10.01.2021
Kadıncağız anlatıyor:
Maklubeci tosun marulcu olmuş
“Öldürmemesi için yalvardım. Kızlarımın üstüne kapandım. Tüfeğin dipçiği ile kafama vurdu. Gözüm, yüzüm, kolum ve omzumdan yaralandım. Çıplak halde ve ellerim kelepçeliydi. Rambo bıçağıyla göğsümden yaraladı. Avda kullandığı naylon iple cenin pozisyonunda olacak şekilde banyoda buldum kendimi. Tecavüz ettiğini hissettim. Çay kaşığı ve saç tel tokaları ile kelepçeyi açmaya çalıştık ama açamadık”.

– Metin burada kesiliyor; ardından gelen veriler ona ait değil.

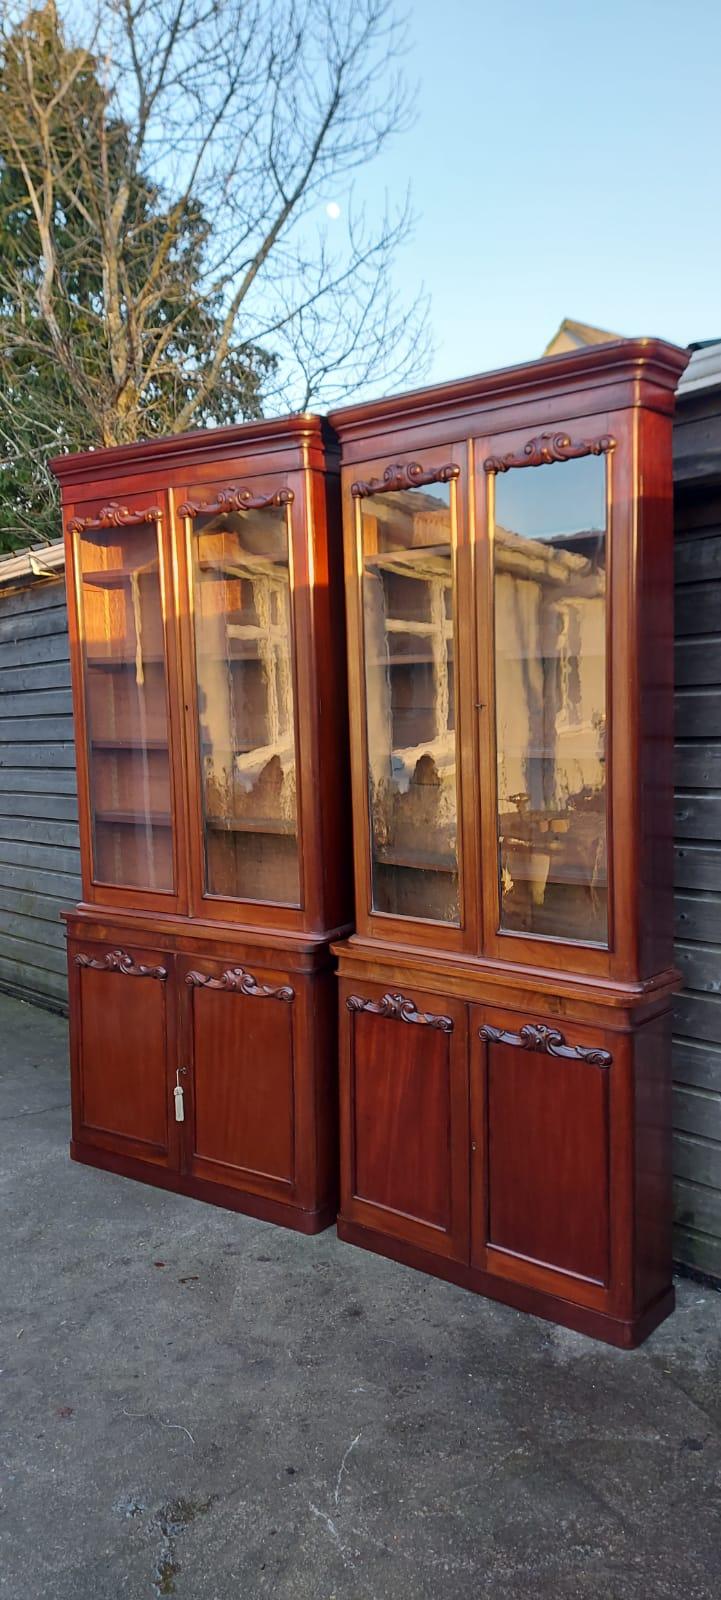 Very Rare Pair of Narrow and Slimline 19C Mahogany Bookcases (1) 100cmW 29cmD 242cmH (2)

Bu işkenceye, bu zulme uğrayan kadın, bu zulmü, bu işkenceyi yapan kocasını vurup öldürdü.
Soruyorum:
Şimdi bu kadın suçlu mu yani?
Yazının tamamı için tıklayın
Yorum
İstanbul sözleşmesi var ya, her sorunumuzu çözüyor (!)
Her gün bu haberleri duyuyoruz. Kadınların kocalarından çektiklerini haberlerde görüyoruz. Daha da kötüsü kocası olmasına da gerek yok, sevgilisi, eski erkek arkadaşı gibi ifadeler çok daha fazla karşımıza çıkıyor ve çok daha da kötüsü bu kavramların artık kendine Müslüman diyen çevrelerde de kanıksanmış olması.
Bu çevreler de dahil tüm çevreler kadını kutsallaştırma yolunda hızla ilerliyor. Kadını koruma kanunu çıkarılıyor, kadın cinayetleri daha da çok artıyor. Artık cinayetleri değil işkenceleri konuşur olduk.
Hala çözümleri başka yerlerde arıyorlar. Allah’ın ayetlerine baksanıza, Peygamberin, sahabenin aile hayatlarına baksanıza. Yok yok, olur mu hiç? Kuran’ı nasıl yaşamımıza sokarız? Aslında bundan en çok hoşlanmayan kendine Müslüman diyen feministler. Kesinlikle karşılar Peygamberin aile yaşamına, Kuran’daki aile ile ilgili hükümlere, Kuran’daki evlilik usullerine. Savundukları İstanbul sözleşmesini ahirette Allah’ın karşısında nasıl savunacaklar merak ediyorum.